You know the feeling? when you've been wanting to shout but none would come out? when you want to explain but you don't know where to start? when you know you are right and yet, it seemed to them that you are wrong(est)? and what they are thinking just can't be erased because, you are given no chance to explain? because they think that they are right for they are older in age?

Why wouldn't dad listen to me? Why wouldn't he allow me to explain my side?

He should have, at least, spent a minute or two to listen to what I had to say. It would be fair that way. But to scold me with words without even giving me the chance to speak my mind is so so unfair. And it turned out that I was wrong. Although, I believe deep down inside that I have the most positive motive there is.
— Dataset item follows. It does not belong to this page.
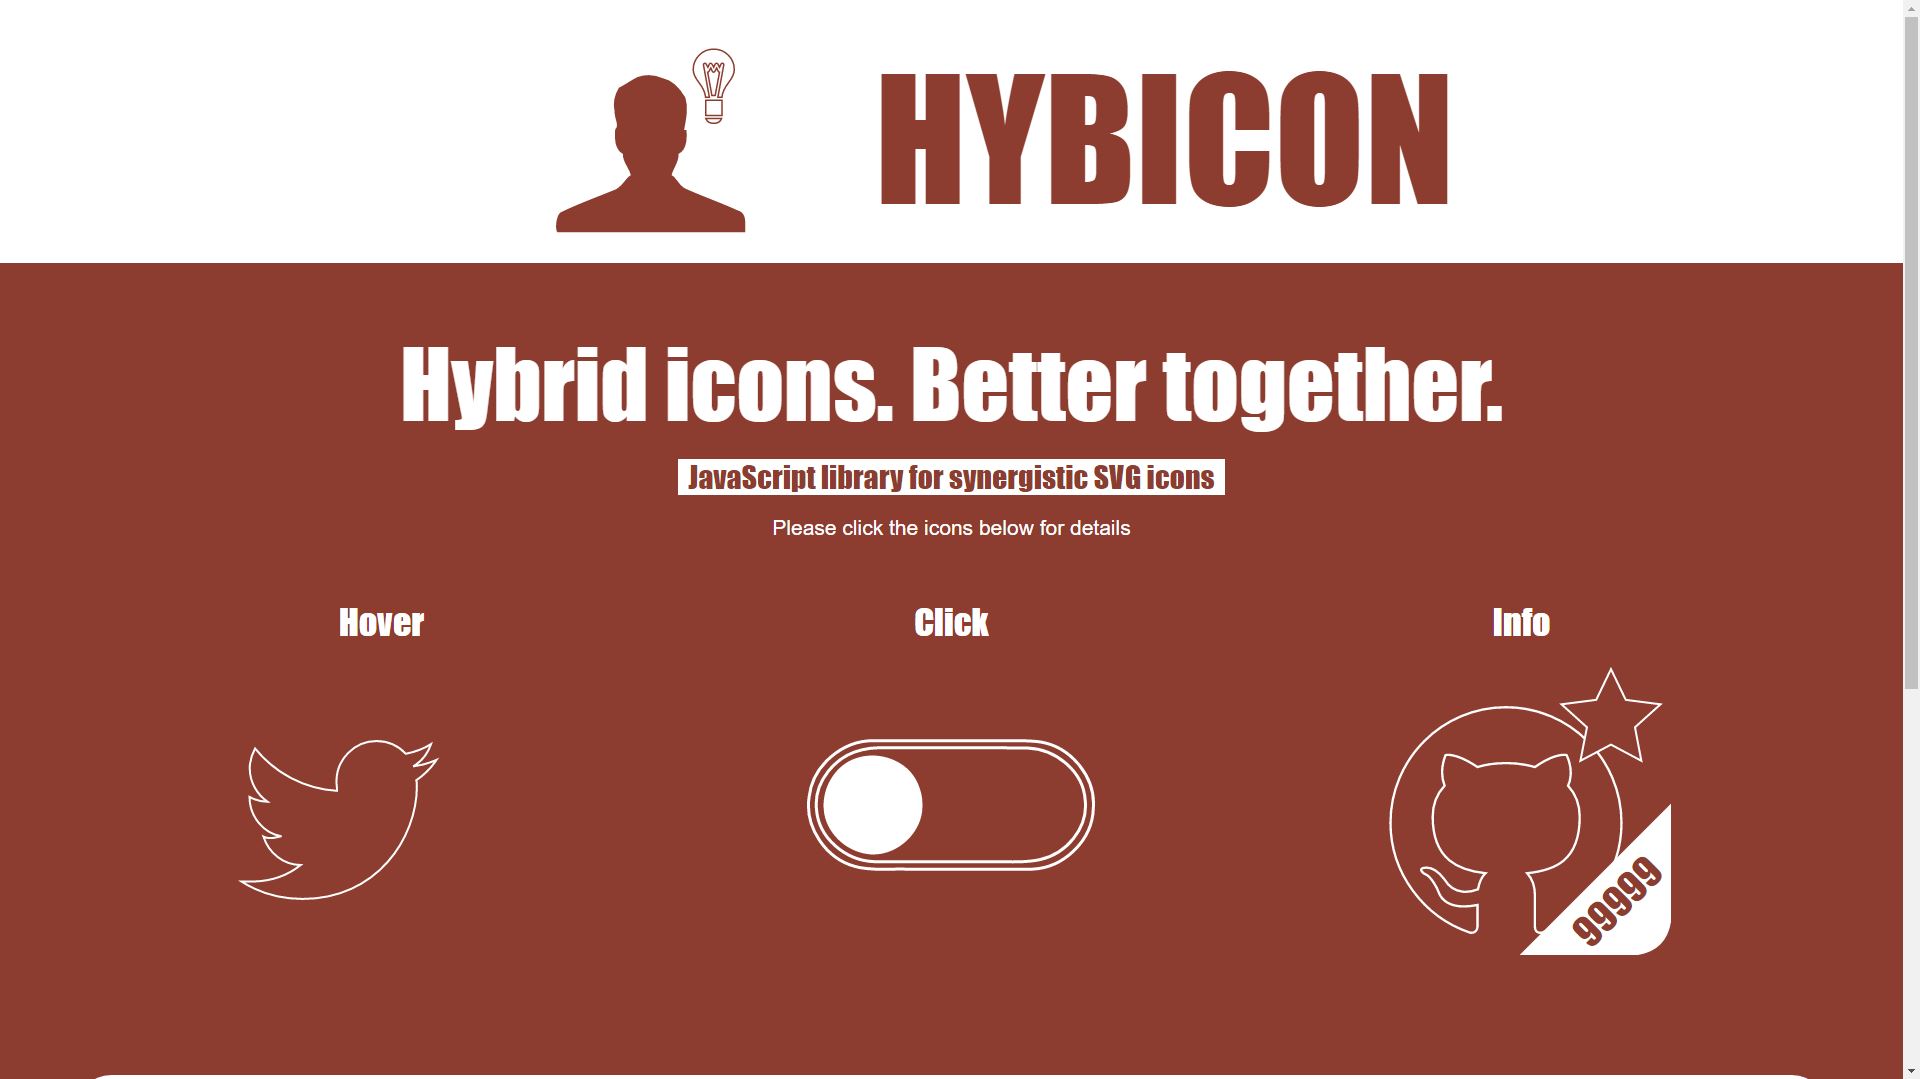 hybicon.js
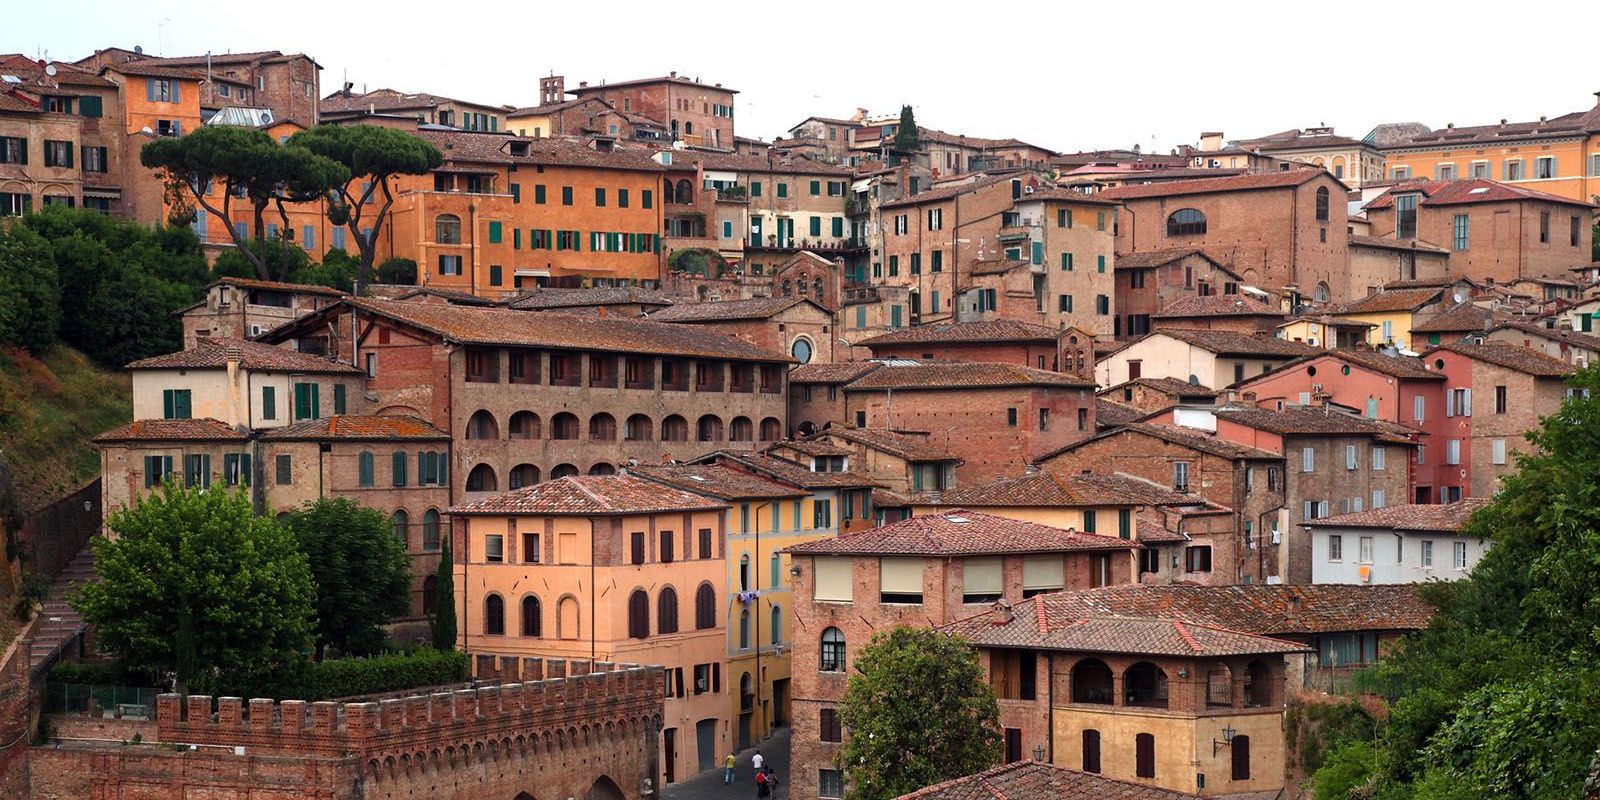 Siena: Il Cuore Artistico della Toscana

It saddened me. It pained my heart. It's like I was stabbed at all sides. And there was nothing left for me to do but, again, cry.

Why this thing?

I know, sometimes, people will never be able to understand you unless you speak your mind. But how else can I be understood if I couldn't even hear my own voice because there was no room for me to speak?

I went to my room and cried the hardest way I could. Alas! The tears were back again.... rolling down my cheeks... gracefully as they always do.

There were a lot of questions in my head. There were so much words to say. Not a single ear to listen.

Really, when it's your loved one who hurts you, the cut is much deeper. You do not expect them to hurt you badly, that's why.
Imagine an enemy refusing to listen to you and your father refusing to listen to you. Either way, it hurts. Sure, it does. But the gravity of the hurt differs. So what if the enemy never listens? We don't really care (that much). But if the father never listens... it's a pain. Have you ever realized that?

I cried even harder when I returned to the real world.

I was just dreaming. But I make sense, right? I sure do.

And my tears? They are real... up to the moment when I had all of my senses back and activated. It seemed like everything was real... like everything really did happen.